Женщина выпрямилась, упершись ладонями в бока.
— Вон там. — Она мотнула головой в сторону башни из красного кирпича, разделенной на пять этажей круглыми окнами. Прядь волос сорвалась со лба и брызнула на лицо женщины. Получилась вуаль, из-под которой глядели усталые карие глаза.
Второв вспомнил про письмо, которое ждало его дома, и заторопился.
"Нагородили черт знает что… Перила черные, ступени желтые. Лифт, конечно, не догадались сделать…"
Он попал в узкий, изогнутый коридор.
"Стены белые, как в больнице… И пахнет, как в больнице: йодом, карболкой и хозяйственным мылом", — отметил он.
На третьем этаже за стеклянной дверью Второв увидел людей, сидевших в удобных пластмассовых креслах. Кто-то стоял у доски. Вероятно, рассказывал. По стенам было развешано множество графиков. Второв всмотрелся в листы ватмана.
"Усредненная формула миозина и разветвленная схема генетического кода". Прочел название: "К вопросу о механизме обмена в мышечной клетке".
"Интересно! Значит, покойный академик и метаболизмом занимался. Очень интересно".
Второв хотел было войти, но раздумал:
"Пусть их сидят семинарничают. Сначала с лабораторией нужно в общем познакомиться…"
На четвертом этаже он отыскал кабинет Кузовкина. Около двери была прикреплена табличка с надписью: "Аполлинарий Аристархович Кузовкин". И все. Звание и заслуги не указаны, они общеизвестны.
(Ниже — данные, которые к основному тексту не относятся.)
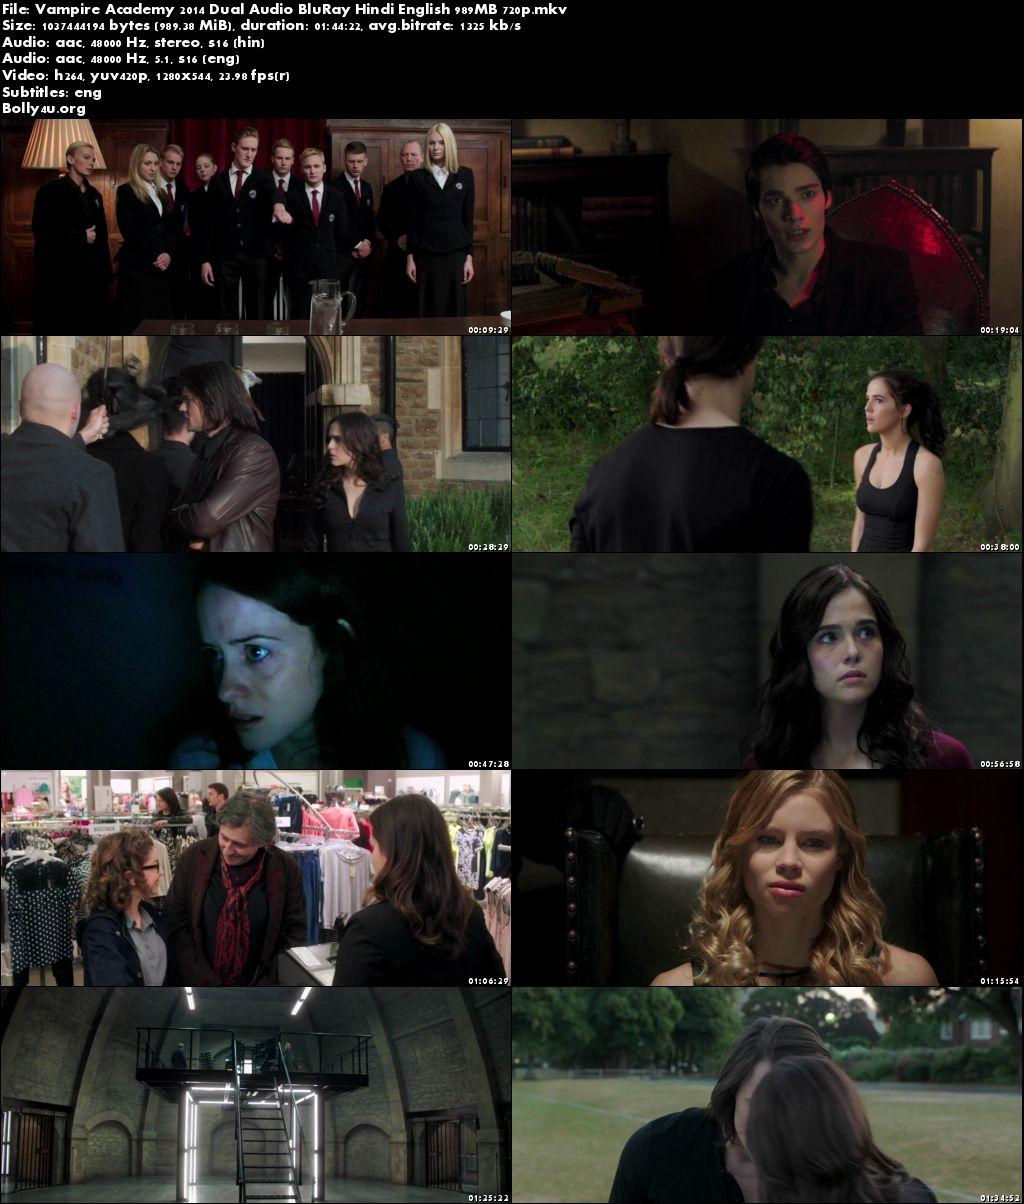 Vampire Academy 2014 BluRay 350MB Hindi Dual Audio 480p Download

Только дата рождения и смерти. "Жаль! Все же он еще многое мог сделать, шестьдесят три для ученого-экспериментатора — это не рубеж", — вздохнул Второв.
Со смешанным чувством смущения и непонятного раздражения он нажал ручку двери. То ли движение его было слишком резким, то ли дверь была слабо закрыта, но случилось непредвиденное. Раздался щелчок, дверь распахнулась, и Второв влетел в комнату. Двое мужчин, стоявших возле письменного стола с мензурками в руках, на миг застыли в изумлении. На развернутой газете лежала крупно нарезанная колбаса, ломти белого и черного хлеба, коробка бычков в томате. Здесь же приютилась узкогорлая колбочка с остатками прозрачной жидкости. Пахло табаком.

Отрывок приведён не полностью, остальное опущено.